WHAT IS BEING ASKED: Leave out the pictures and copy each record below exactly.

(Excerpts from a dataset)
• • •

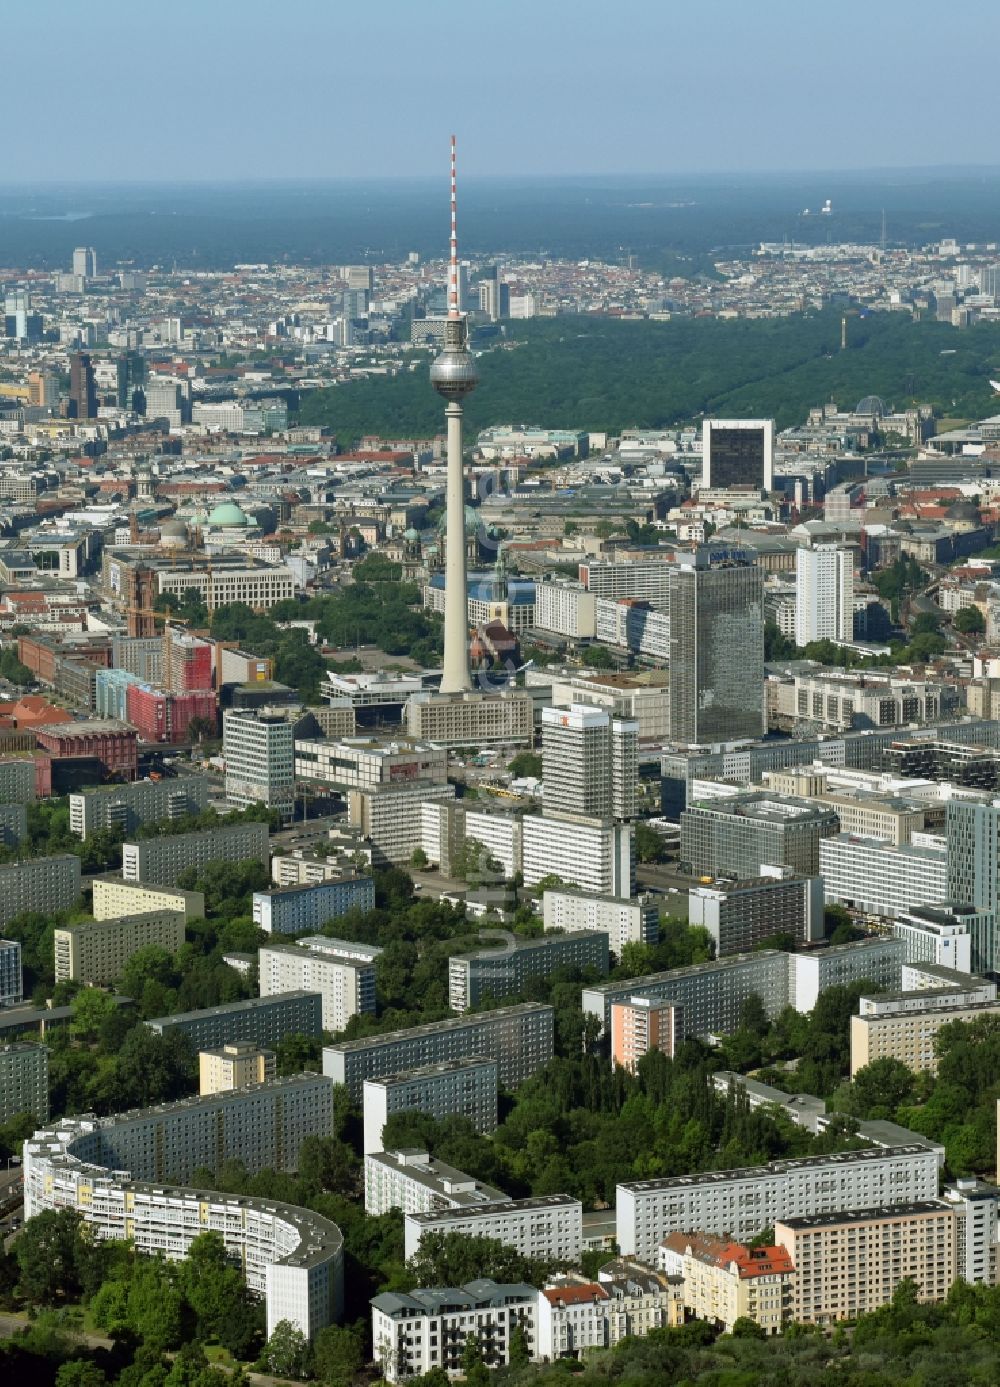 Luftaufnahme Berlin - Stadtzentrum im Innenstadtbereich Ost am Berliner Fernsehturm im Ortsteil Mitte in Berlin, Deutschland
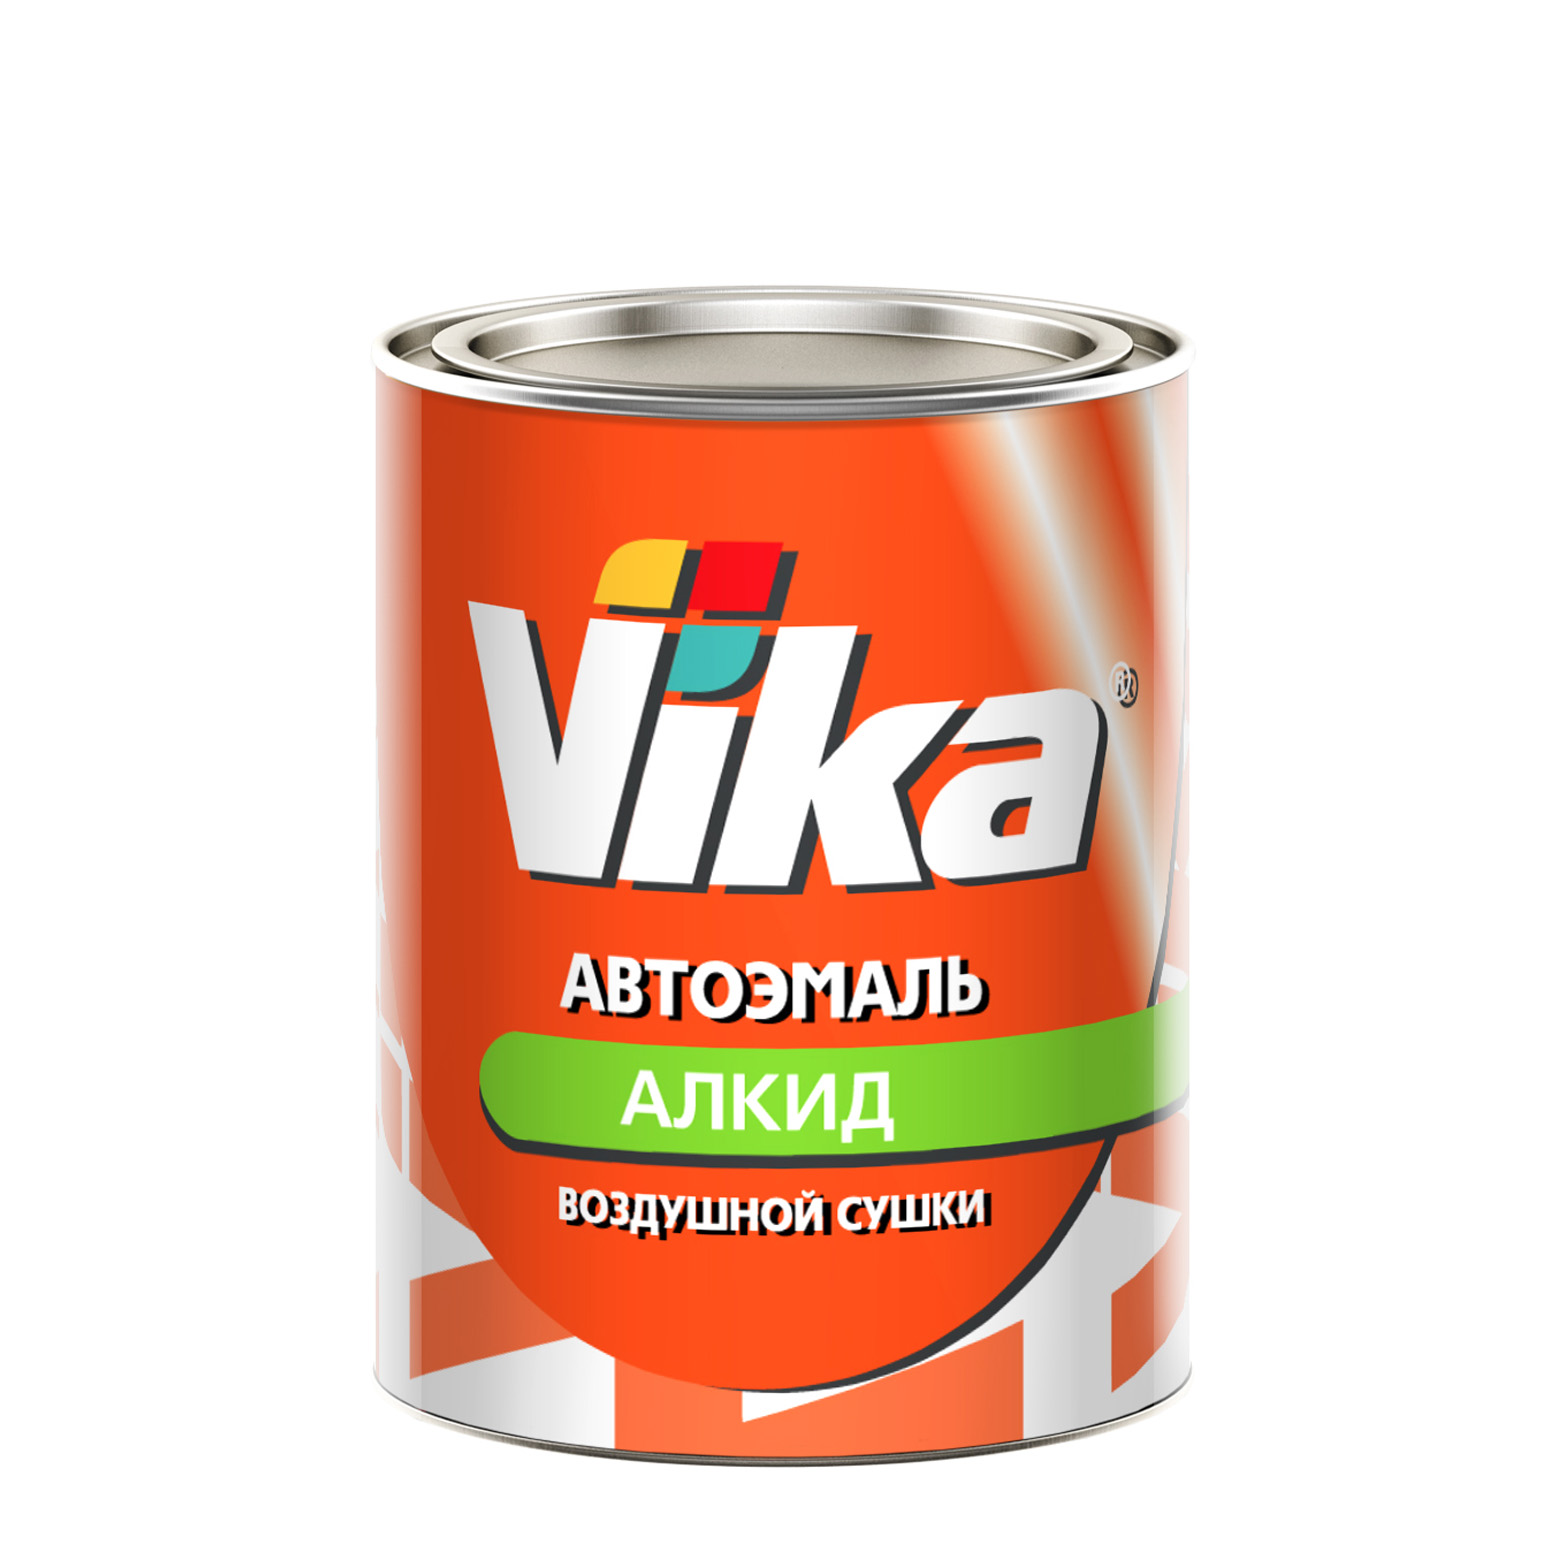 Фото 1 - Автоэмаль Vika-60, цвет 42 Красная алкидная глянцевая естественной сушки - 0,8 кг.
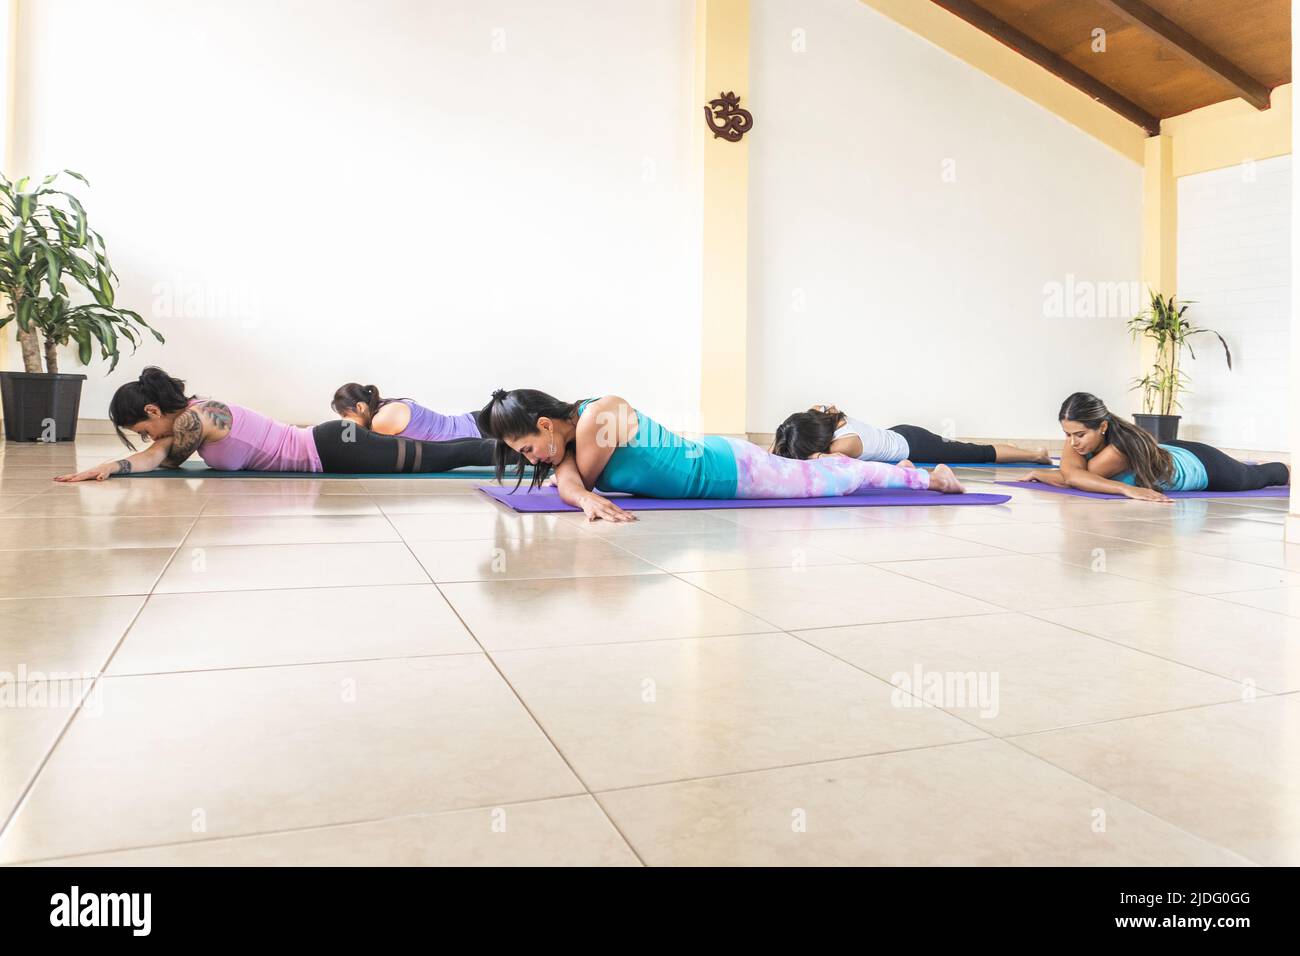 le donne che praticano lo yoga e il relax sono a faccia in giù nello studio Foto Stock
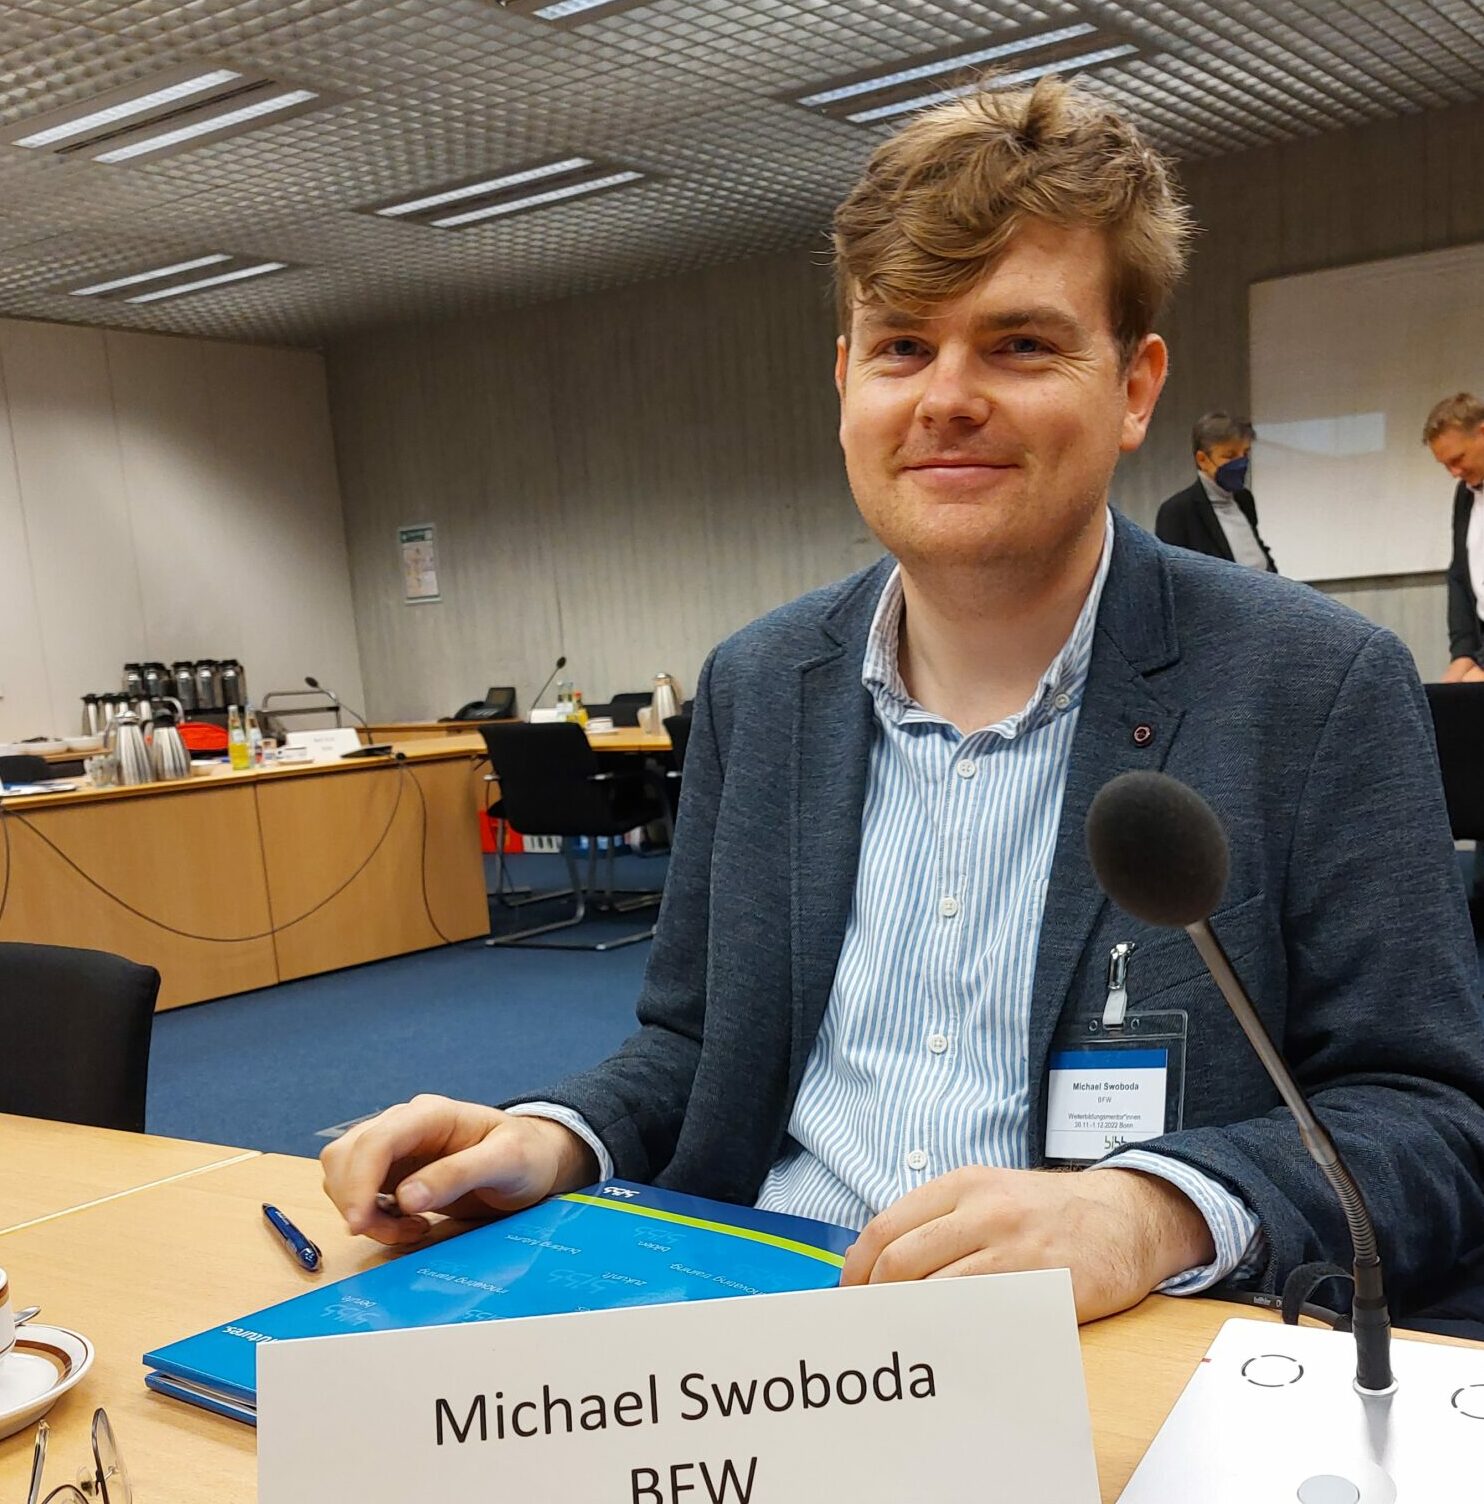 Kollege Michael Swoboda freut sich auf den Austausch zum Thema Weiterbildungsmentor*innen
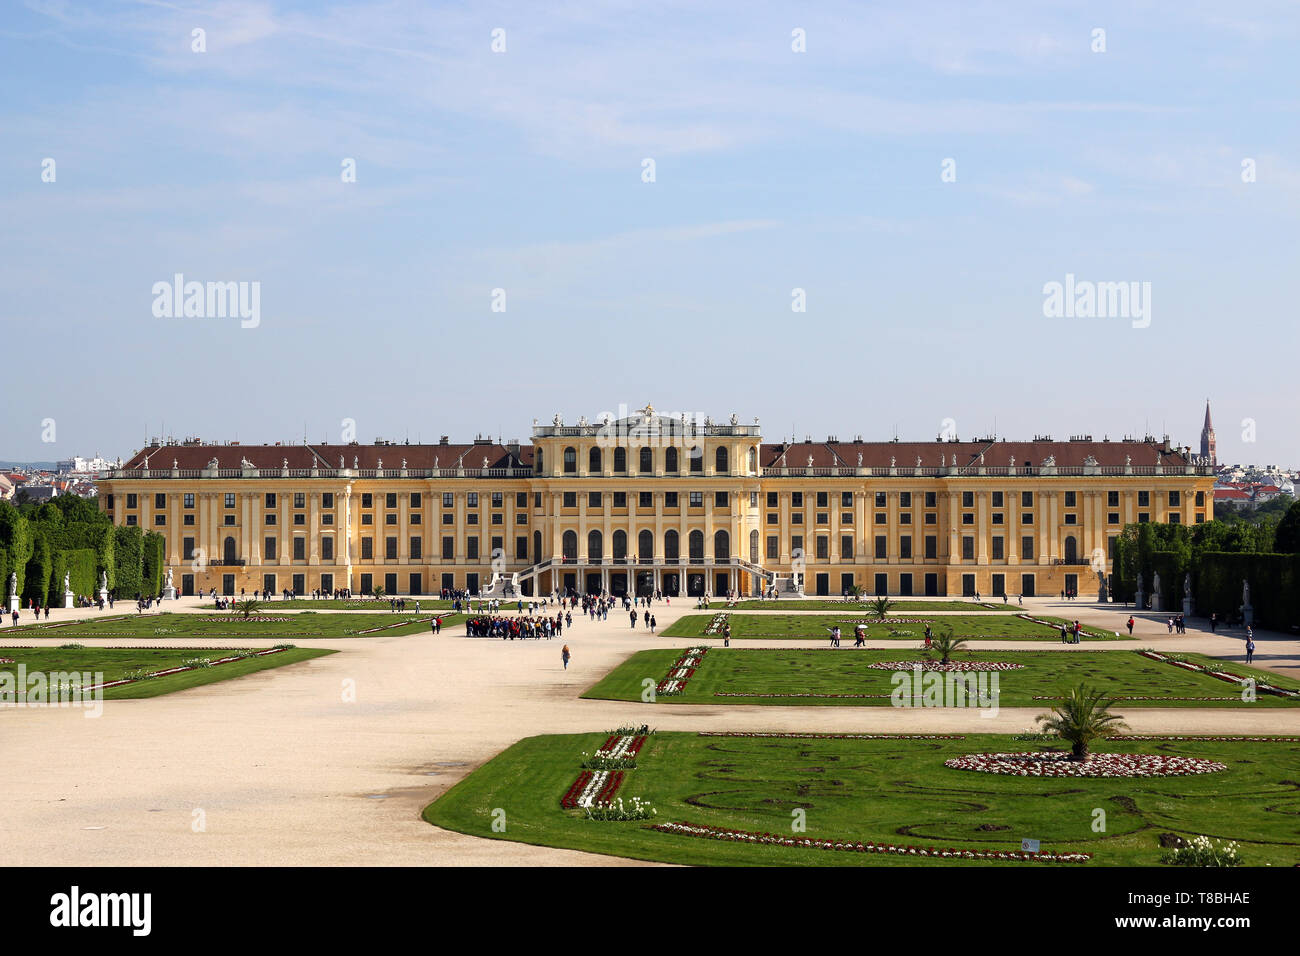 Schonbrunn Palace or Schloss Schoenbrunn Vienna Austria Stock Photo

• • •

WRITTEN REPLY:
 Luftaufnahme Berlin - Stadtzentrum im Innenstadtbereich Ost am Berliner Fernsehturm im Ortsteil Mitte in Berlin, Deutschland
 Фото 1 - Автоэмаль Vika-60, цвет 42 Красная алкидная глянцевая естественной сушки - 0,8 кг.
 le donne che praticano lo yoga e il relax sono a faccia in giù nello studio Foto Stock
 Kollege Michael Swoboda freut sich auf den Austausch zum Thema Weiterbildungsmentor*innen
 Schonbrunn Palace or Schloss Schoenbrunn Vienna Austria Stock Photo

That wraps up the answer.